Off-Label Use and Dosage (Adult)

Guideline-Supported Use

There is limited information regarding Off-Label Guideline-Supported Use of Felbamate in adult patients.

Non–Guideline-Supported Use

There is limited information regarding Off-Label Non–Guideline-Supported Use of Felbamate in adult patients.

Pediatric Indications and Dosage

FDA-Labeled Indications and Dosage (Pediatric)

Children with Lennox-Gastaut Syndrome (Ages 2-14 years) Adjunctive Therapy: Felbatol® should be added at 15 mg/kg/day in divided doses three or four times daily while reducing present AEDs by 20% in order to control plasma levels of concurrent phenytoin, valproic acid, phenobarbital, and carbamazepine and its metabolites. Further reductions of the concomitant AEDs dosage may be necessary to minimize side effects due to drug interactions. Increase the dosage of Felbatol® by 15 mg/kg/day increments at weekly intervals to 45 mg/kg/day. Most side effects seen during Felbatol® adjunctive therapy resolve as the dosage of concomitant AEDs is decreased.
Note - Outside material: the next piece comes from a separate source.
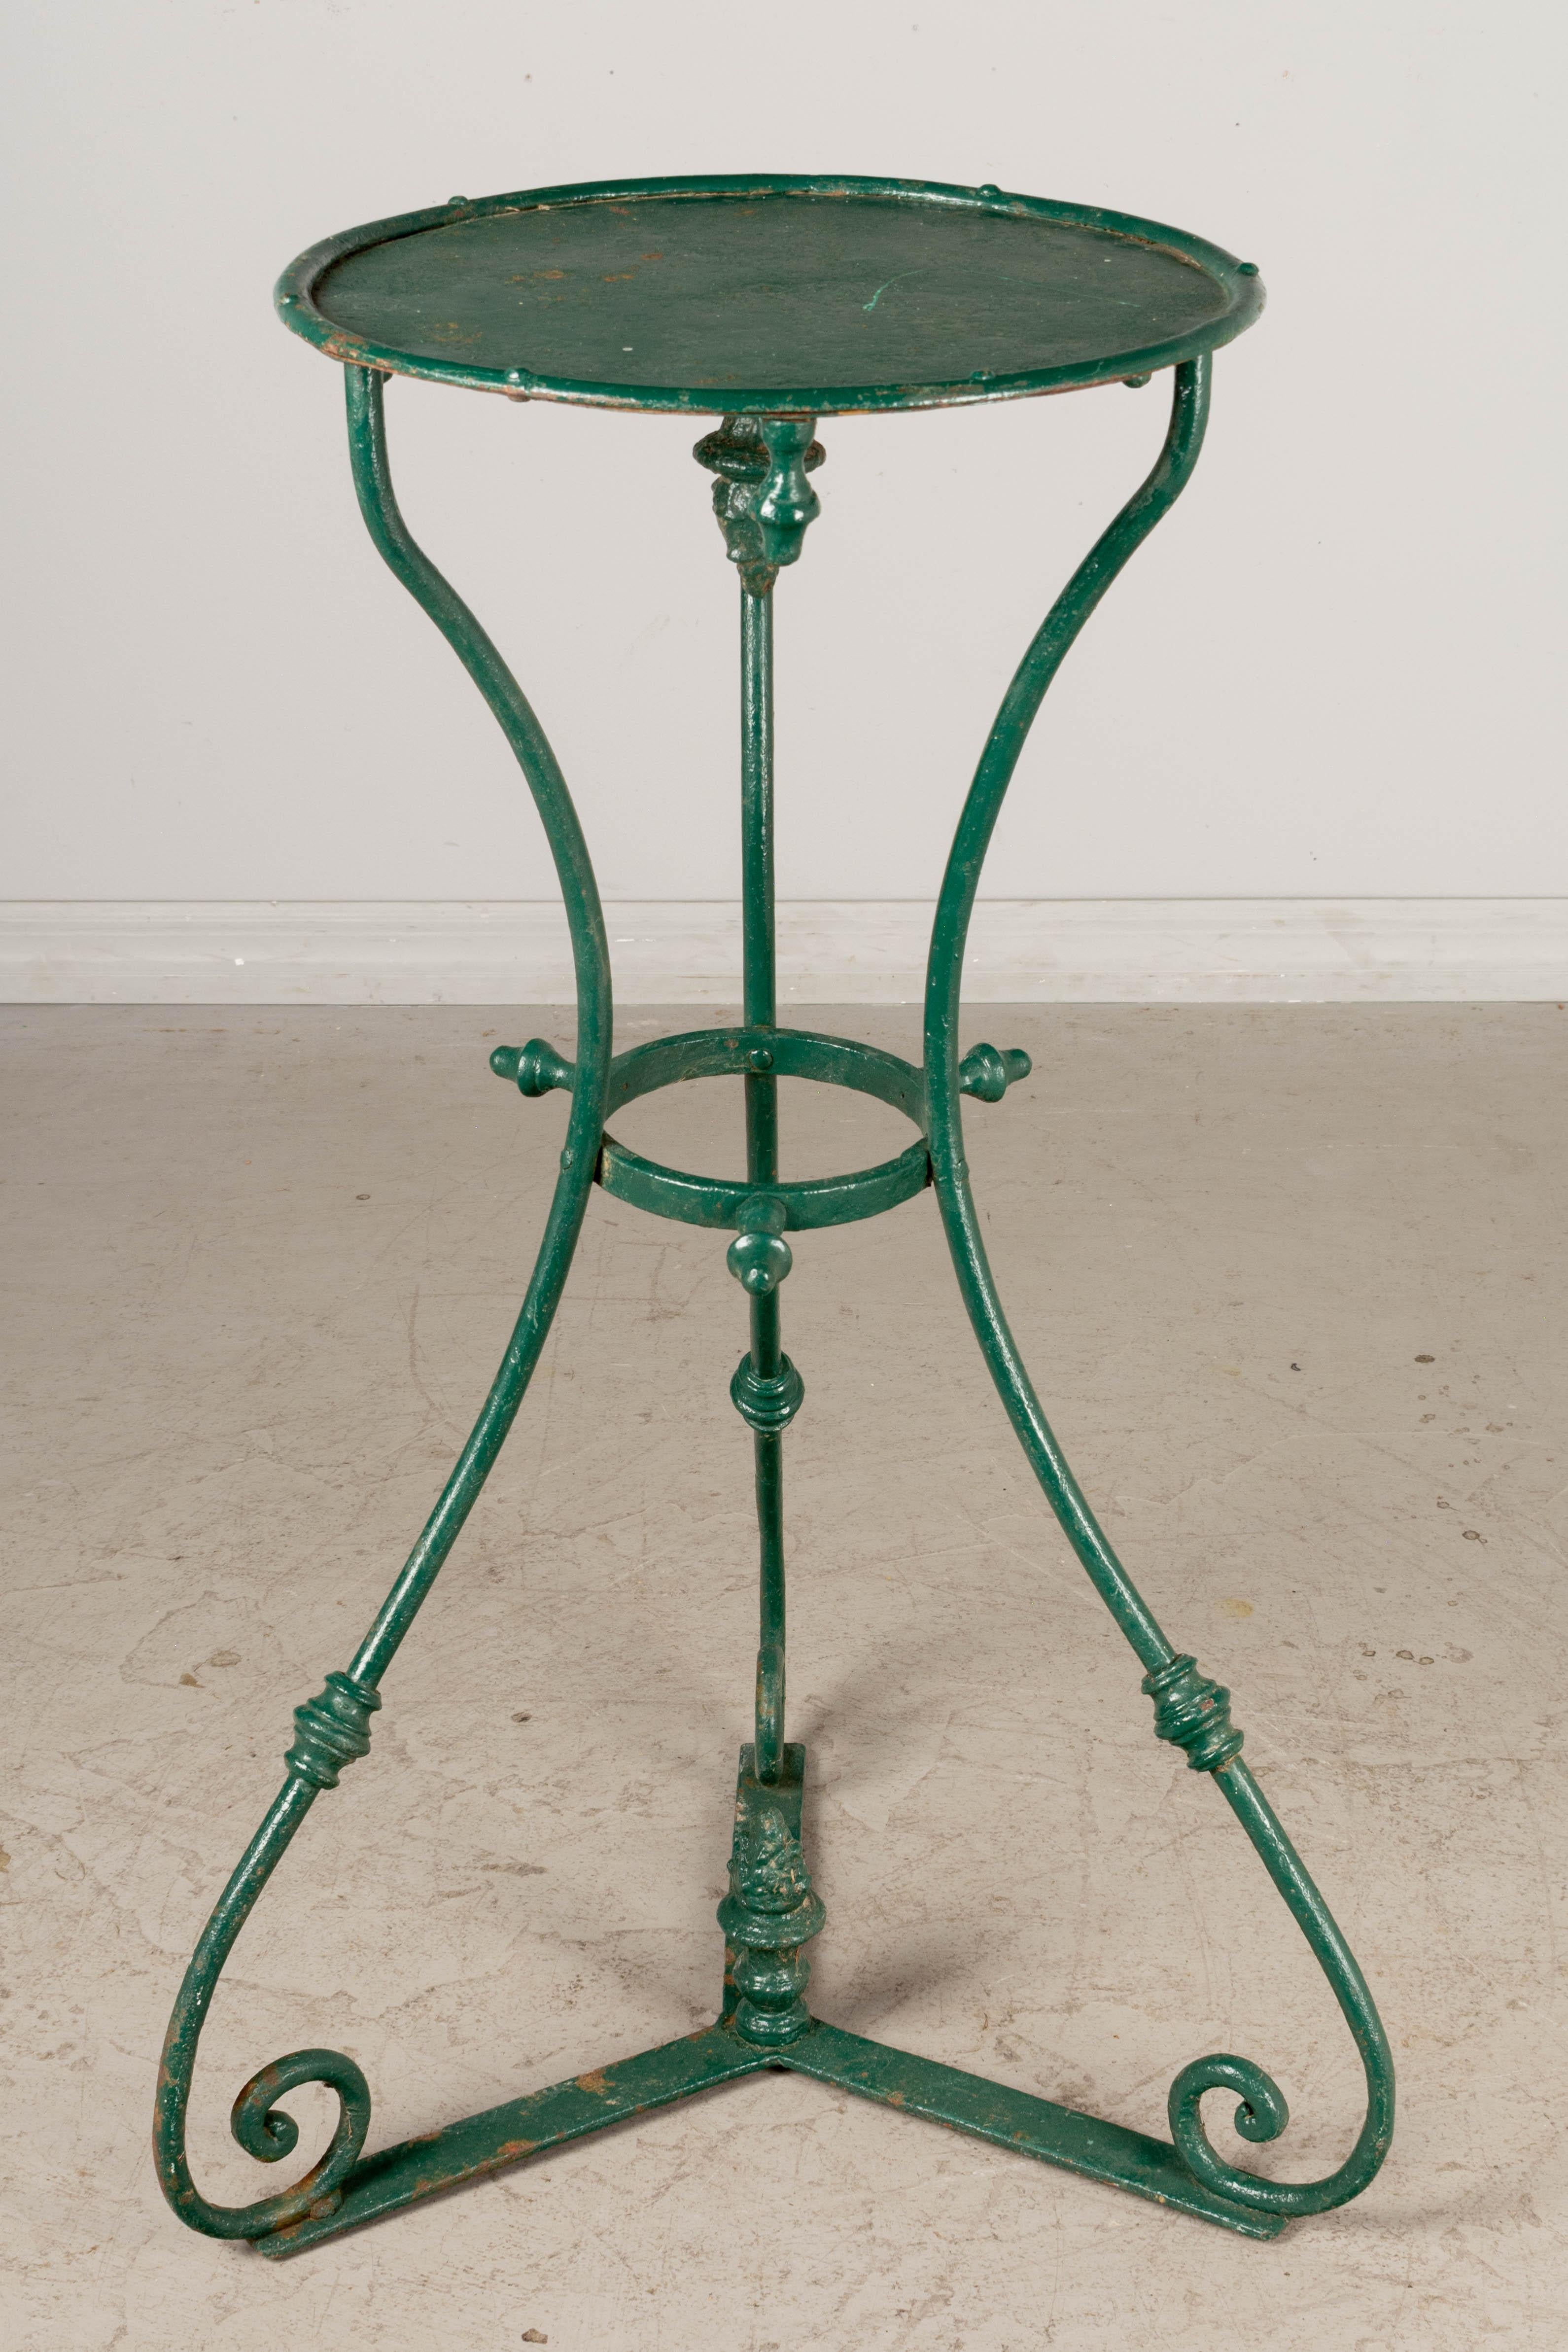 Beaux Arts 19th Century French Wrought Iron Garden Pedestal For Sale

Off-Label Use and Dosage (Pediatric)

Guideline-Supported Use

There is limited information regarding Off-Label Guideline-Supported Use of Felbamate in pediatric patients.

Non–Guideline-Supported Use

There is limited information regarding Off-Label Non–Guideline-Supported Use of Felbamate in pediatric patients.

Contraindications

• Felbatol® is contraindicated in patients with known hypersensitivity to Felbatol®, its ingredients, or known sensitivity to other carbamates. It should not be used in patients with a history of any blood dyscrasia or hepatic dysfunction.

Warnings

• See BOXED WARNING regarding aplastic anemia and hepatic failure.

Antiepileptic drugs should not be suddenly discontinued because of the possibility of increasing seizure frequency.

Suicidal Behavior and Ideation Antiepileptic drugs (AEDs) including Felbatol ®, increase the risk of suicidal thoughts or behavior in patients taking these drugs for any indication. Patients treated with any AED for any indication should be monitored for the emergence or worsening of depression, suicidal thoughts or behavior, and/or any unusual changes in mood or behavior.

Pooled analyses of 199 placebo-controlled clinical trials (mono- and adjunctive therapy) of 11 different AEDs showed that patients randomized to one of the AEDs had approximately twice the risk (adjusted Relative Risk 1.8, 95% CI:1.2, 2.7) of suicidal thinking or behavior compared to patients randomized to placebo. In these trials, which had a median treatment duration of 12 weeks, the estimated incidence rate of suicidal behavior or ideation among 27,863 AED-treated patients was 0.43%, compared to 0.24% among 16,029 placebo-treated patients, representing an increase of approximately one case of suicidal thinking or behavior for every 530 patients treated. There were four suicides in drug-treated patients in the trials and none in placebo-treated patients, but the number is too small to allow any conclusion about drug effect on suicide.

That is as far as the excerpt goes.